If you encounter insufficient space in downstream TiKV during import, you can manually run the kill command (without the -9 option) on all TiDB Lightning instances. After scaling up the capacity, you can resume the import based on the checkpoint information.

Best practices for importing a large single table

Importing multiple tables can increase the time required for checksum and analyze operations, sometimes exceeding the time required for data import itself. However, it is generally not necessary to adjust the configuration. If one or more large tables exist among the multiple tables, it is recommended to separate the source files of these large tables and import them separately.

This section provides the best practices for importing large single tables. There is no strict definition for a large single table, but it is generally considered to meet one of the following criteria:

  • The table size exceeds 10 TiB.
  • The number of rows exceeds 1 billion and the number of columns exceeds 50 in a wide table.

Generate source files

Follow the steps outlined in the Prepare source files.

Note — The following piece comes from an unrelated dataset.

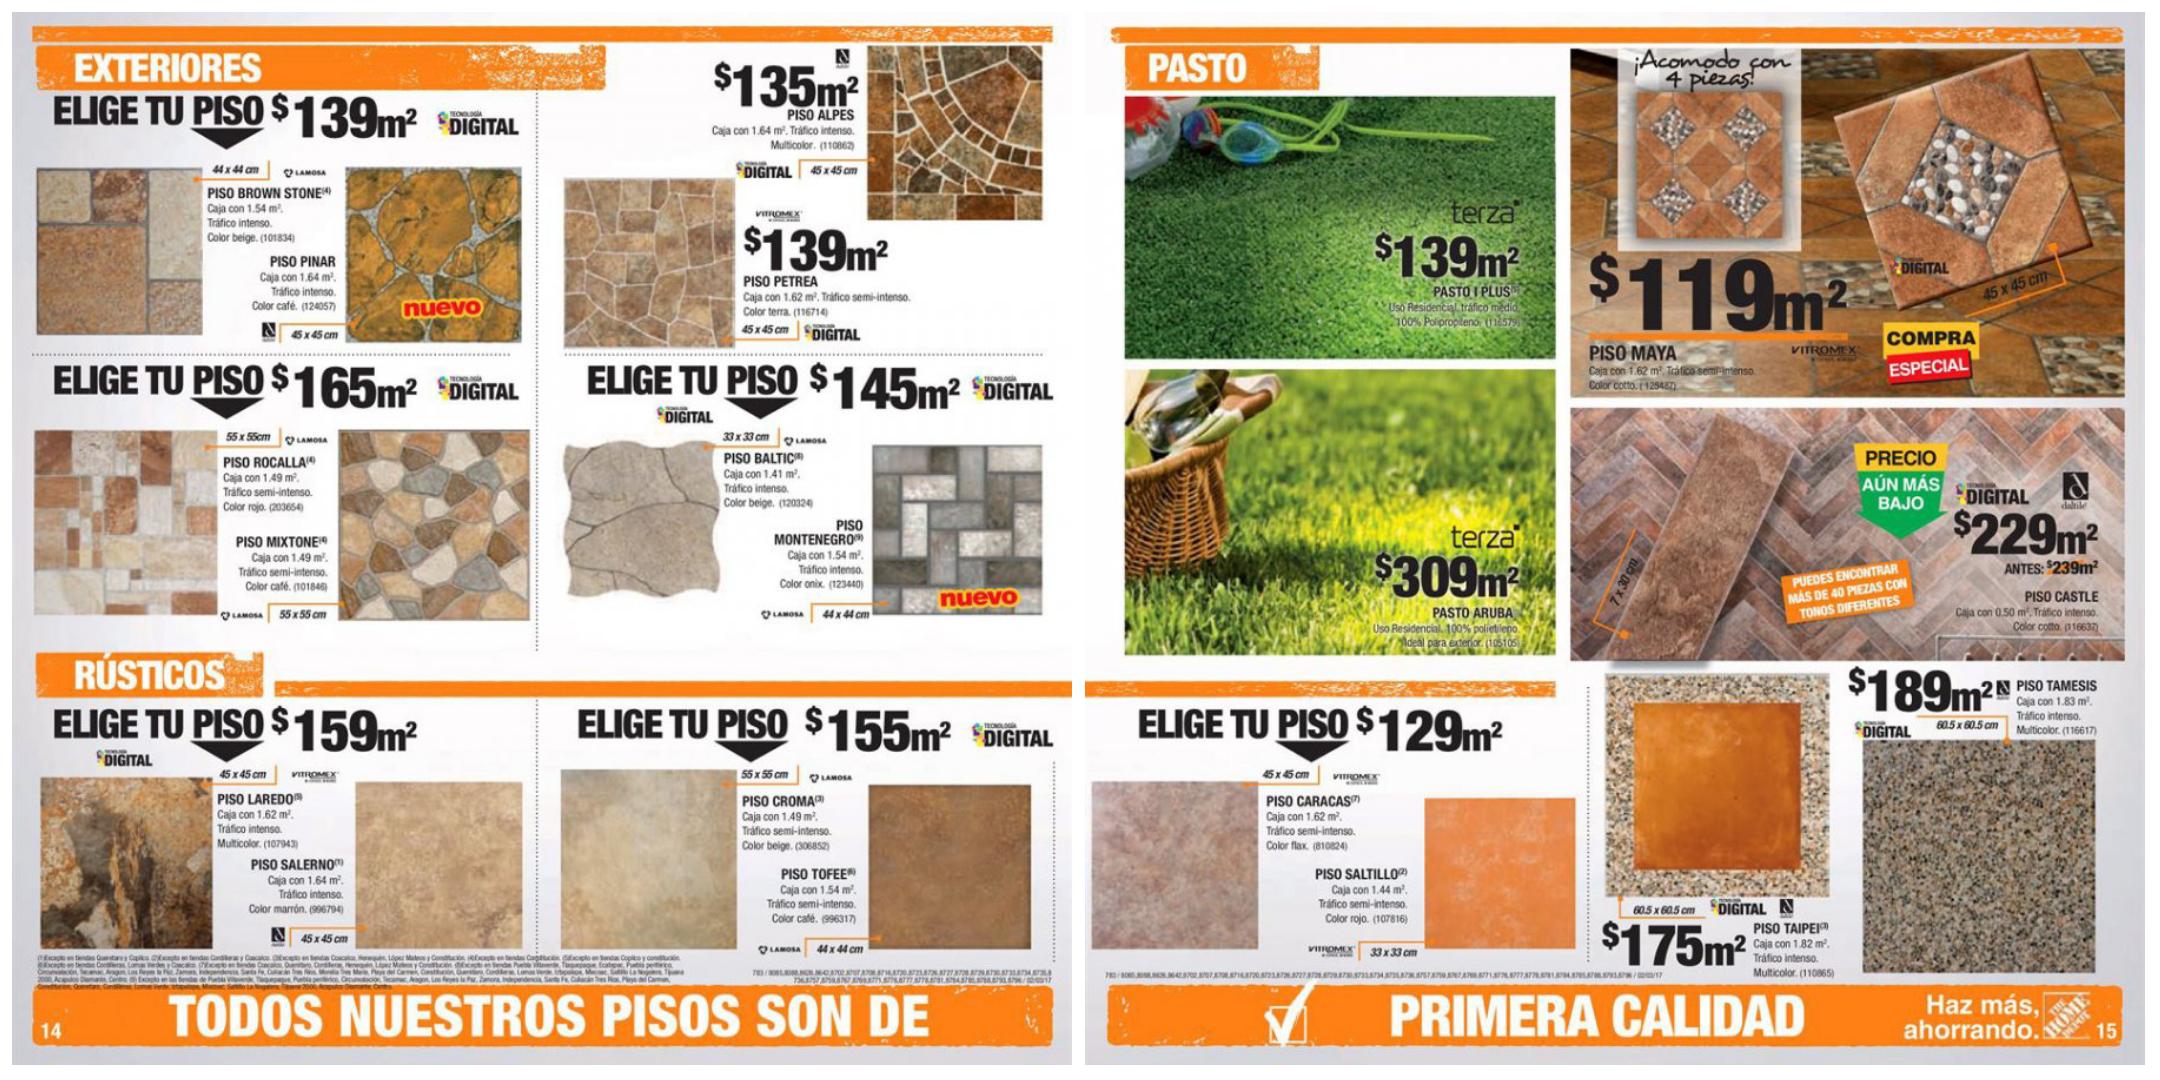 Home depot promociones de pisos for The home depot pisos

For a large single table, if global sorting is not achievable but sorting within each file based on the primary key is possible, and the file is a standard CSV file, it is recommended to generate large single files with each around 20 GiB.

Then, enable strict-format. This approach reduces the overlap of primary and unique keys in the imported files between TiDB Lightning instances, and TiDB Lightning instances can split the large files before importing to achieve optimal import performance.

Plan cluster topology

Prepare TiDB Lightning instances to make each instance process 5 TiB to 10 TiB of source data. Deploy one TiDB Lightning instance on each node. For the specifications of the nodes, refer to the environment requirements of TiDB Lightning instances.

Change configuration parameters

  • Set region-concurrency to 75% of the number of cores of the TiDB Lightning instance.
  • Set send-kv-pairs to 3200. This method applies to TiDB v7.1.0 and earlier versions. Starting from v7.2.0, this parameter is replaced by send-kv-size, and no additional setting is required.
  • Adjust GOMEMLIMIT to 80% of the memory on the node where the instance is located.

If the PD Scatter Region latency during the import process exceeds 30 minutes, consider the following optimizations:

  • Check whether the TiKV cluster encounters any I/O bottlenecks.
  • Increase TiKV raftstore.apply-pool-size from the default value of 2 to 4 or 8.
  • Reduce TiDB Lightning region-split-concurrency to half the number of CPU cores, with a minimum value of 1.

Disable the analyze operation

In the case of a large single table (for example, with over 1 billion rows and more than 50 columns), it is recommended to disable the analyze operation (analyze="off") during the import process, and manually execute the ANALYZE TABLE statement after the import is completed.

For more information about the configuration of analyze, see TiDB Lightning task configuration.

Troubleshooting

If you encounter problems while using TiDB Lightning, see Troubleshoot TiDB Lightning.